Jacopo Barigazzi, su L’inchiesta, ci chiarisce il perché del differenziale tra i titoli italiani e quelli tedeschi, tramite le parole di Berthold Huber, presidente dell’IG metal, il più potente sindacato germanico.
È considerato una delle figure più importanti del mondo industriale, si vanta di avere letto tutto Adam Smith e considera il suo punto di forza il continuare a leggere e studiare, attività per la quale ha ridotto le ore di sonno. Certo per chi ragiona ancora in termini di conflitto permanente fra capitale e lavoro vedere che ad incensarlo sia il Financial Times fa subito arcare il ciglio. Ma per chi invece vuole capire cosa sia affrontare la modernità con la giusta cassetta degli attrezzi allora si consiglia l’intervista sul quotidiano della City a Berthold Huber, presidente dell’IG Metall, il potente sindacato dei metalmeccanici tedeschi con circa 2,25 milioni di iscritti.
La prima a leggerla dovrebbe essere Susanna Camusso, seguita da Landini e poi a ruota da quegli industriali italiani che vedono nella Mitbestimmung – il sistema di codecisione fra sindacati e aziende – il fumo negli occhi mentre è lo stesso Huber a spiegare che «se dai diritti alla gente, quella si prende delle responsabilità ecco cosa ci ha insegnato la Mitbestimmung».
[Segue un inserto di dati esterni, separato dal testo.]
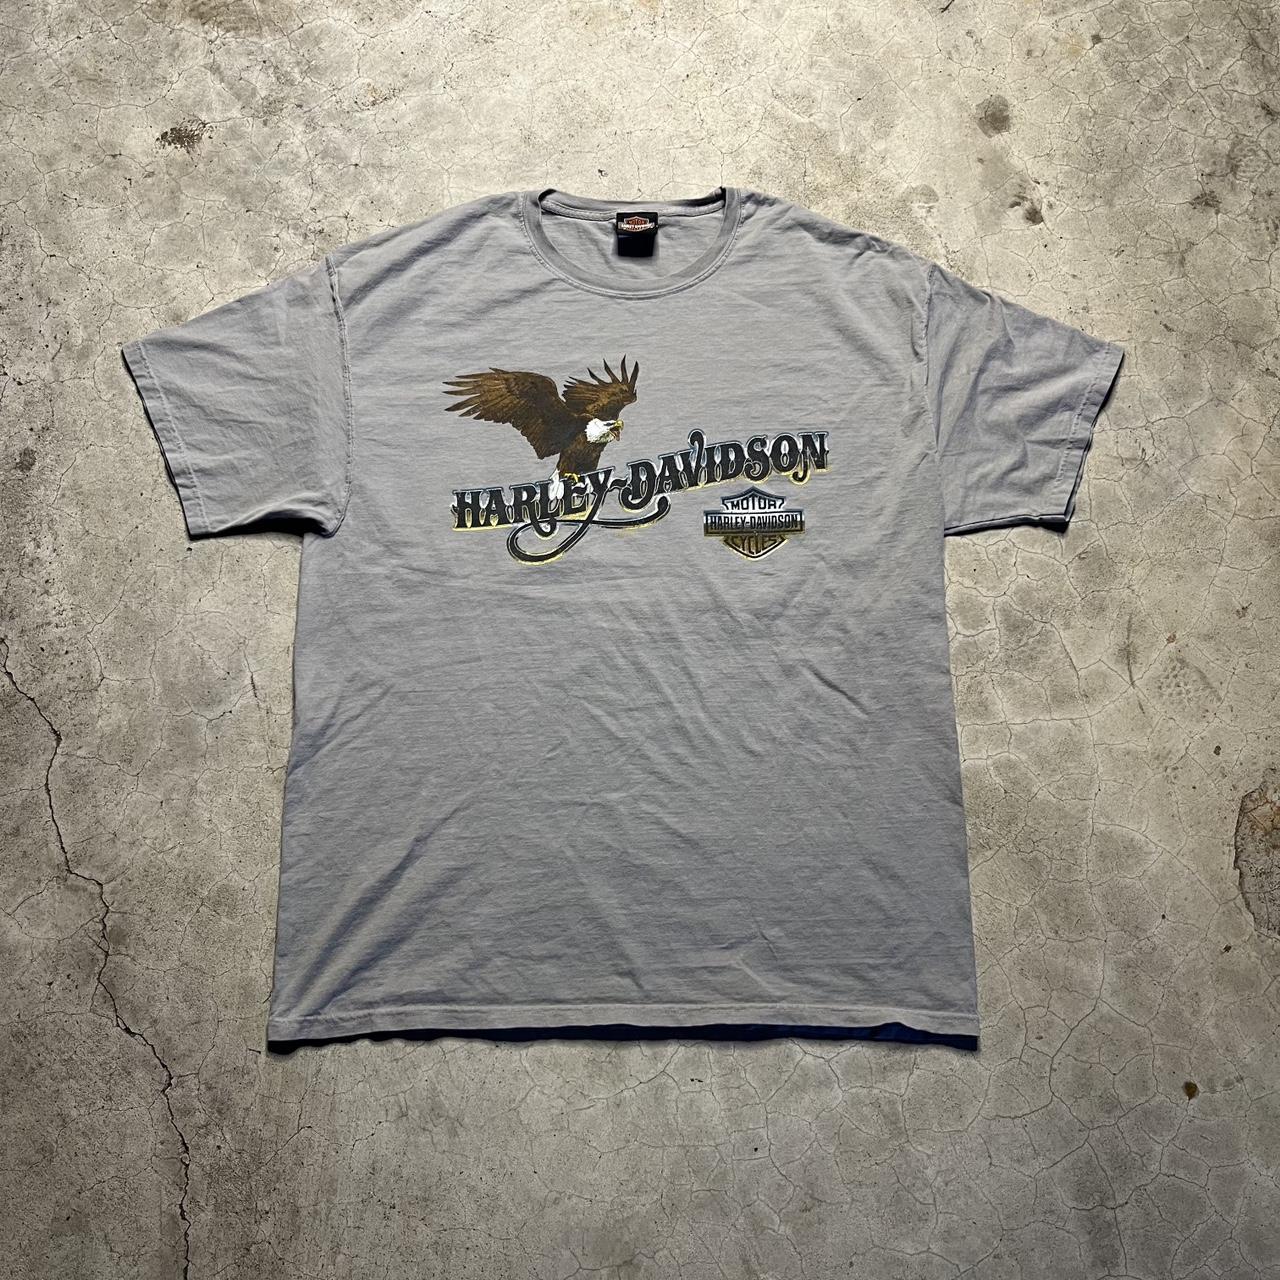 Harley Davidson Men's Grey and Brown T-shirt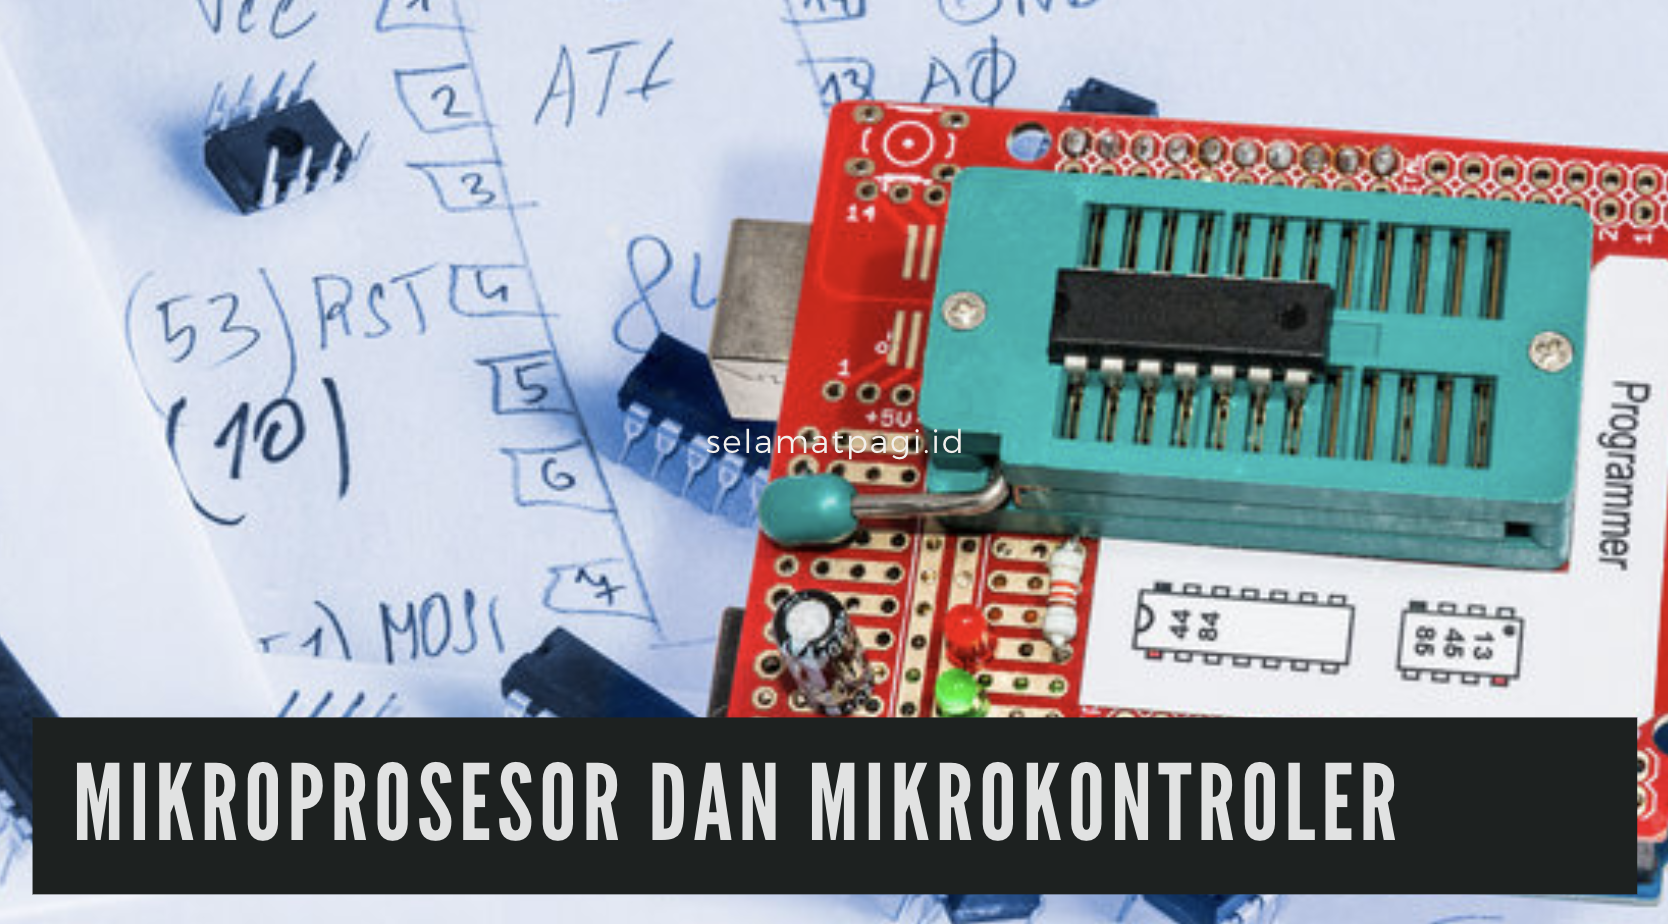 Perbedaan Mikroprosesor dan Mikrokontroler

Detto questo sentite come ragione Herr Huber: «Una grande parte della nostra formula salariale è sempre la produttività – e aggiunge la stoccata – non è la stessa cosa in altre nazioni». Parlando dei colleghi spagnoli, ma il discorso lo si potrebbe facilmente trasferire anche a quelli italiani, dice che da quelle parti il movimento sindacale è stato complice in un’eccessiva protezione di chi ha già un lavoro facendo pagare il prezzo ai giovani in cerca di prima occupazione, anche se «questo farà forse arrabbiare i sindacati spagnoli, ma è così».